+++ Data to examine +++

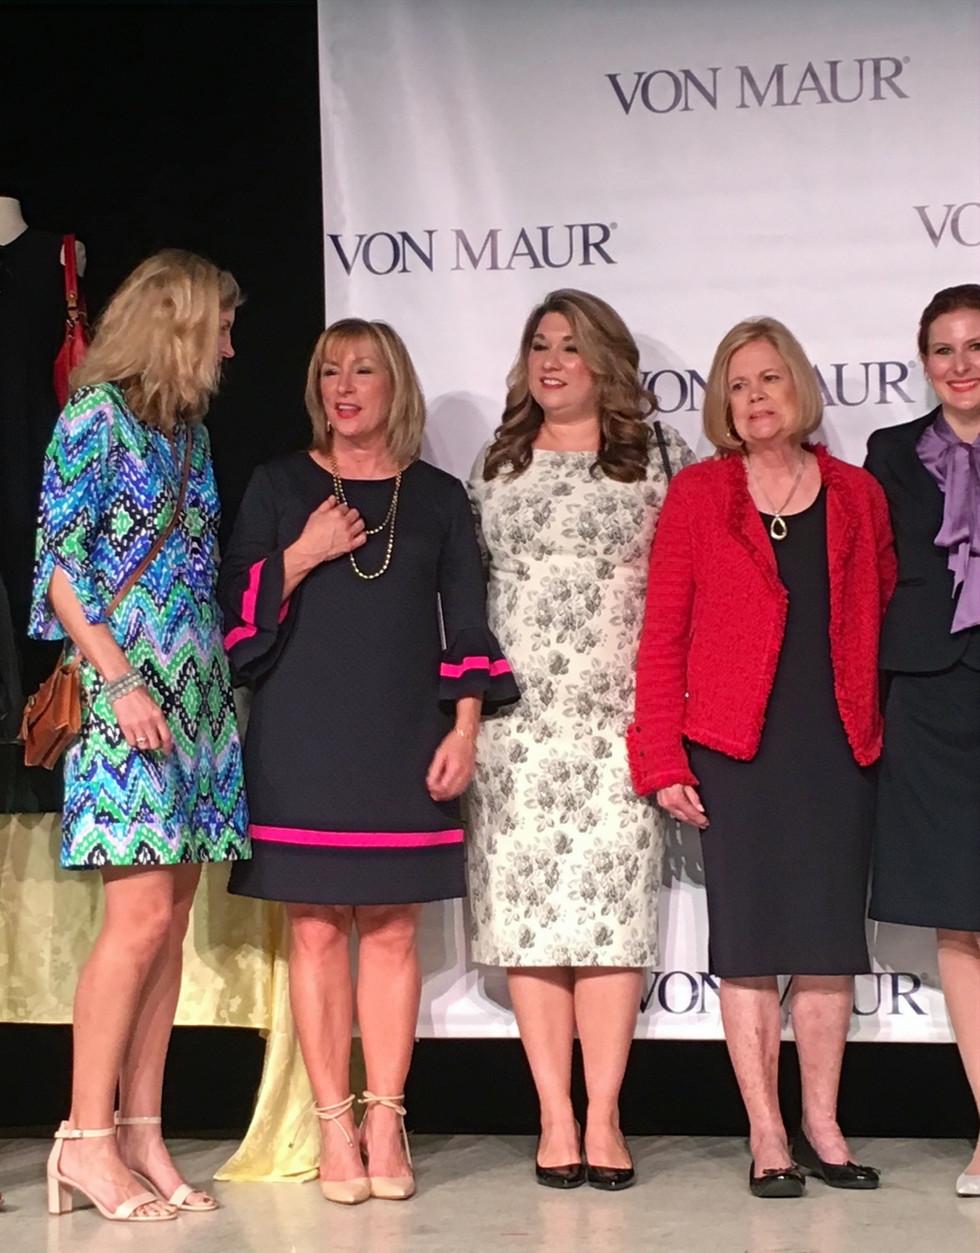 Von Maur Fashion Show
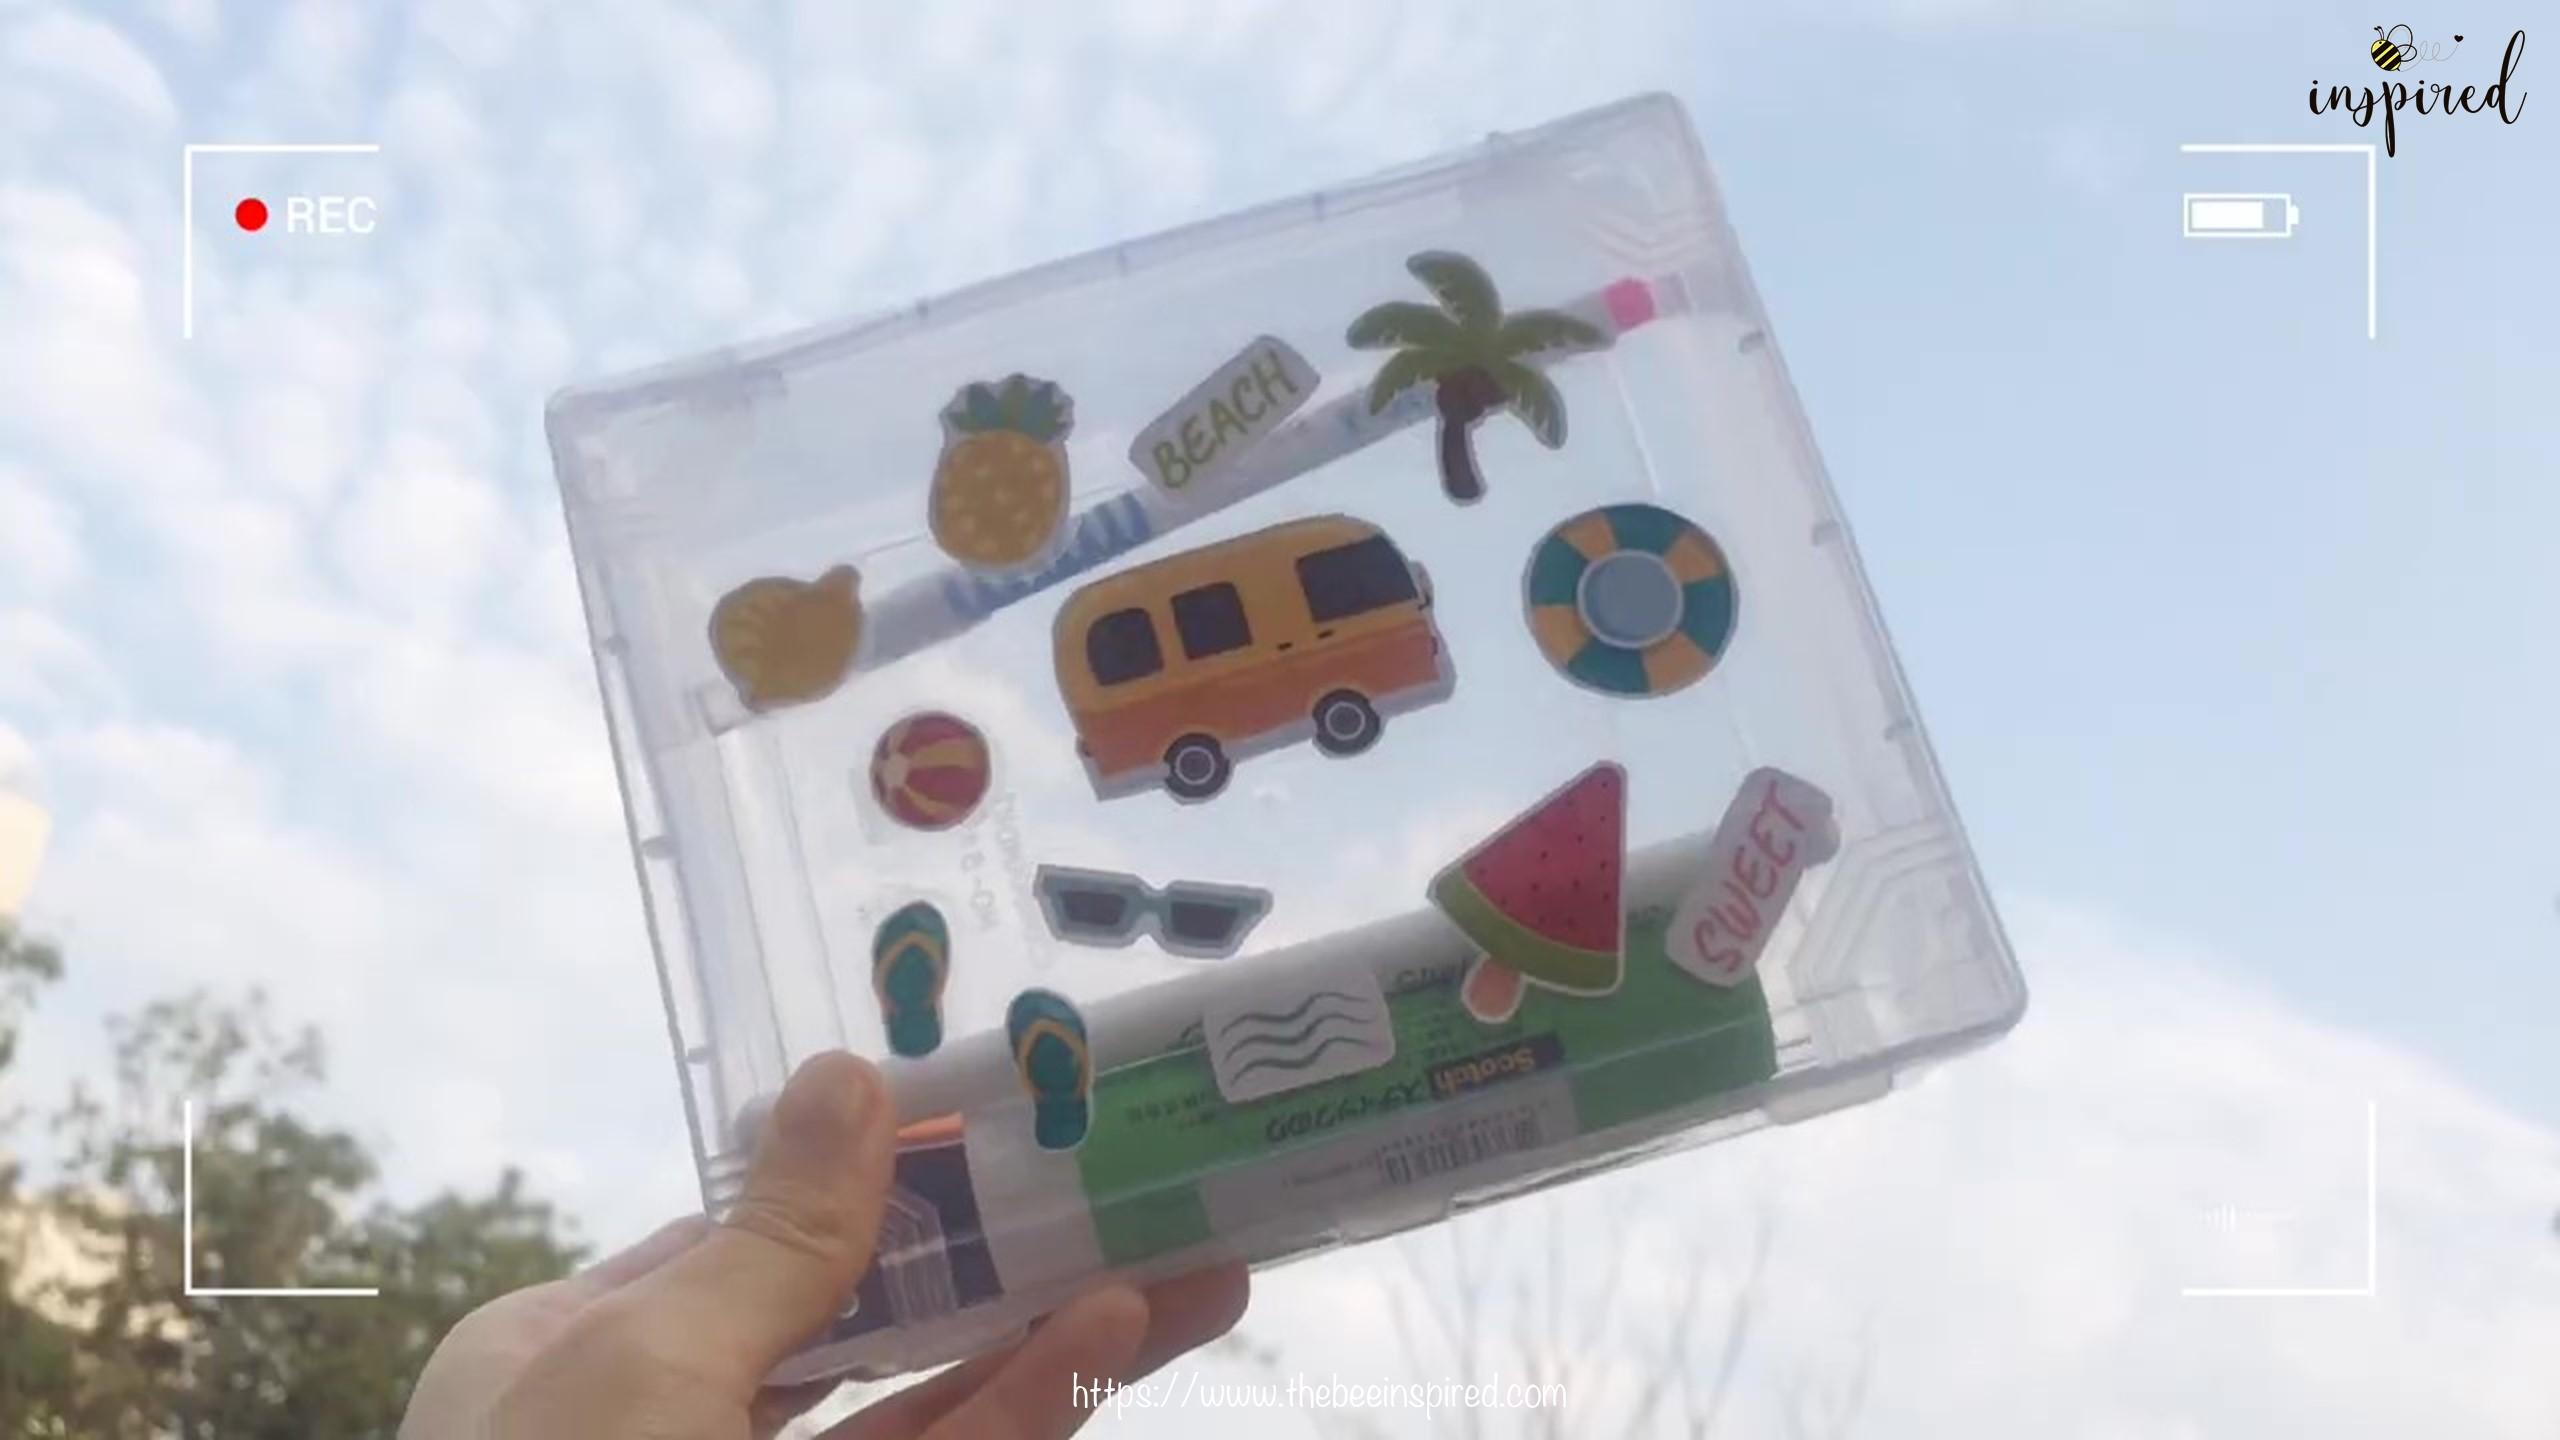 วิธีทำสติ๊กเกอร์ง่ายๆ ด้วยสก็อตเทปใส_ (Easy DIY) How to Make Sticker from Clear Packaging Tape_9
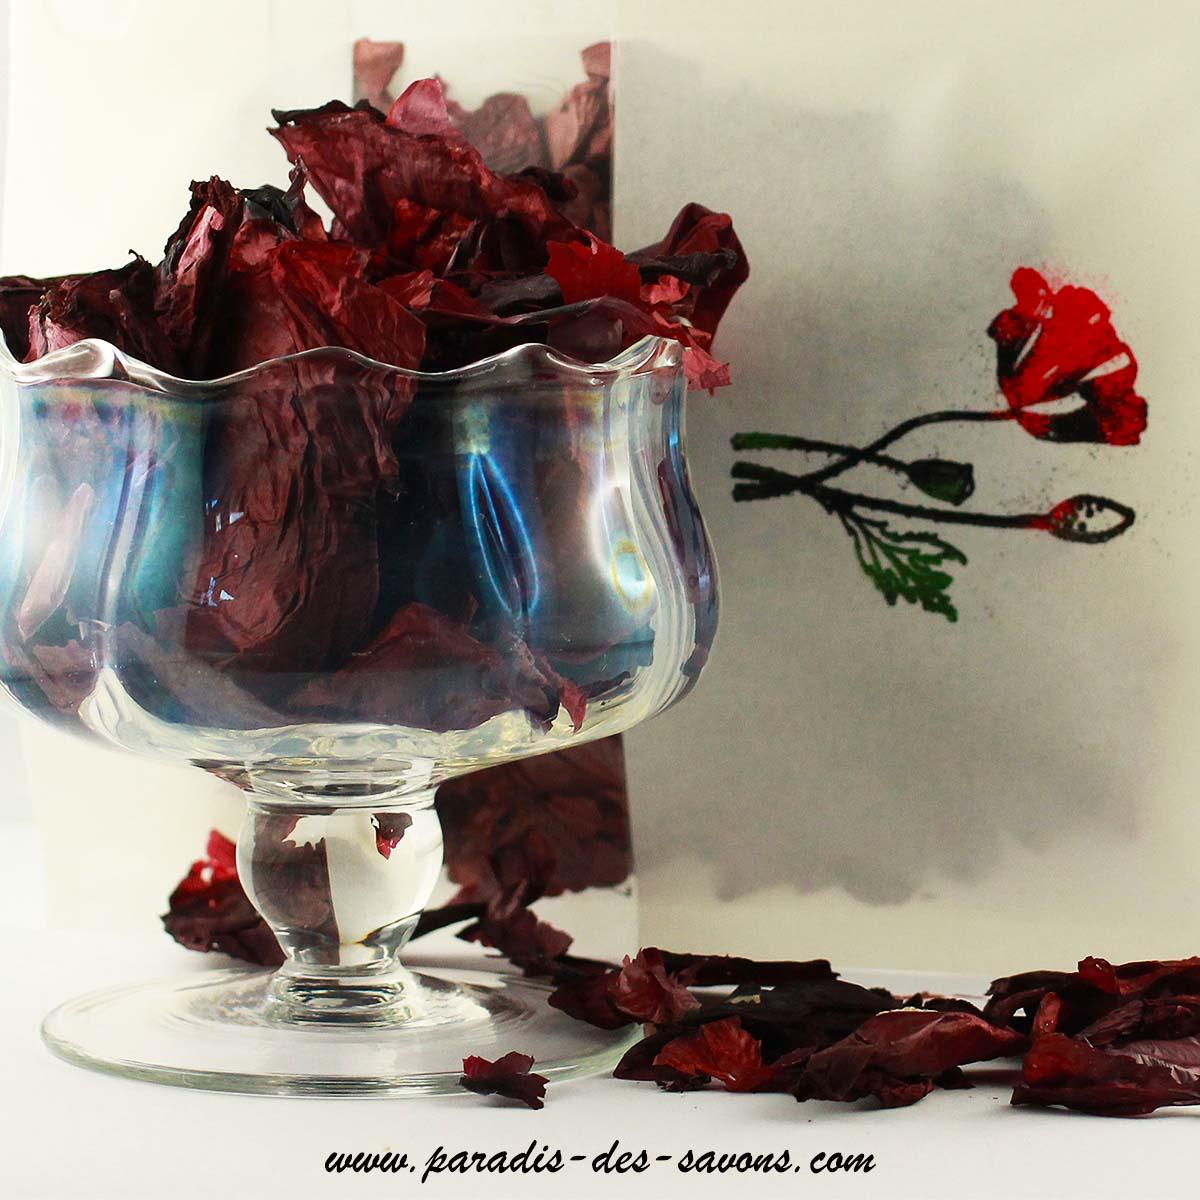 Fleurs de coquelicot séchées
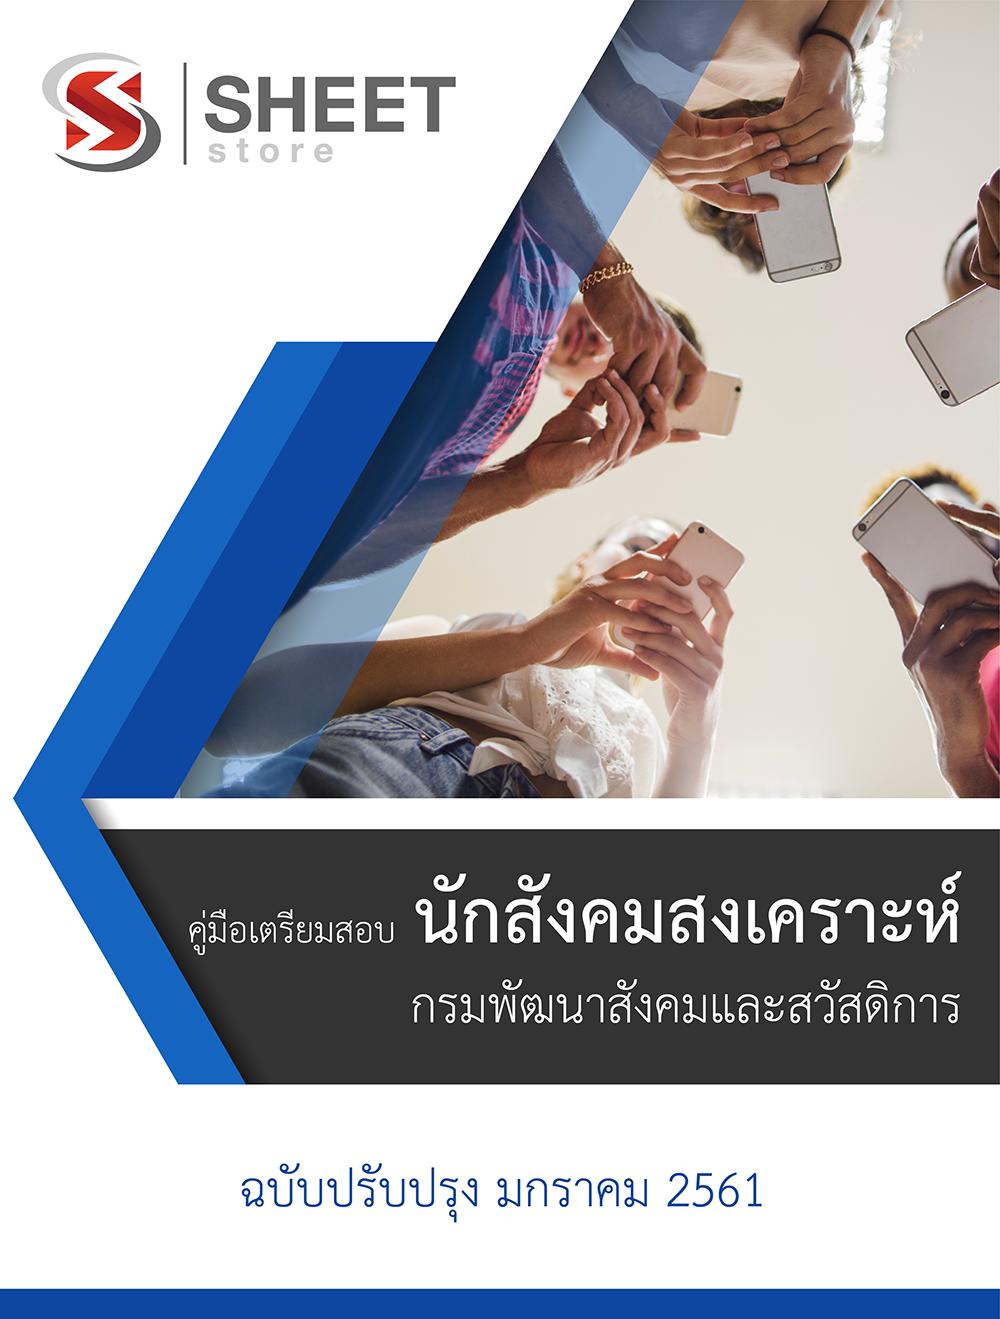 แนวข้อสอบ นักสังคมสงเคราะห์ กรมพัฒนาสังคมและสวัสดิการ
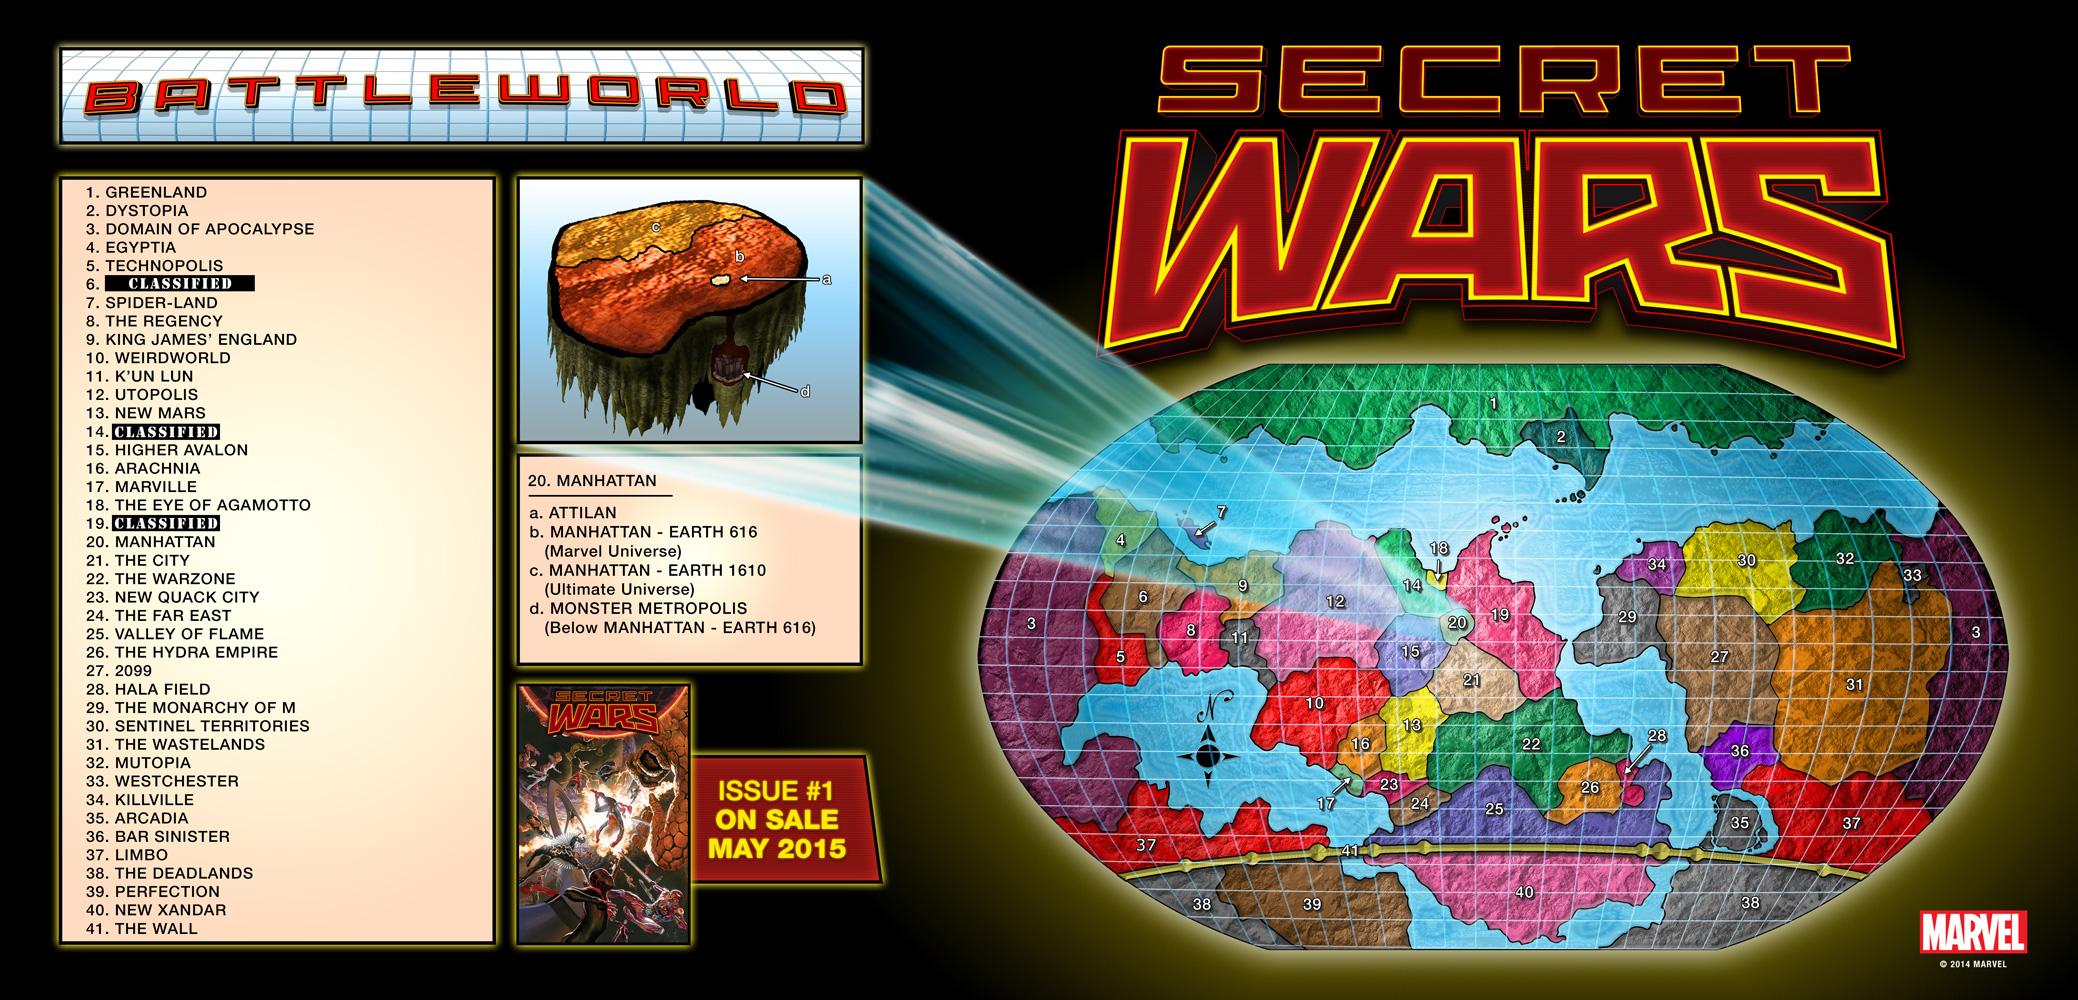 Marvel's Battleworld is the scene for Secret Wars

+++

### What you have to do
Every line from the one containing "วิธีทำสติ๊กเกอร์ง่ายๆ ด้วยสก็อตเทปใส_ (Easy" to the last line of the material must be returned exactly. Leave out any pictures.

### Answer for the task
 วิธีทำสติ๊กเกอร์ง่ายๆ ด้วยสก็อตเทปใส_ (Easy DIY) How to Make Sticker from Clear Packaging Tape_9
 Fleurs de coquelicot séchées
 แนวข้อสอบ นักสังคมสงเคราะห์ กรมพัฒนาสังคมและสวัสดิการ
 Marvel's Battleworld is the scene for Secret Wars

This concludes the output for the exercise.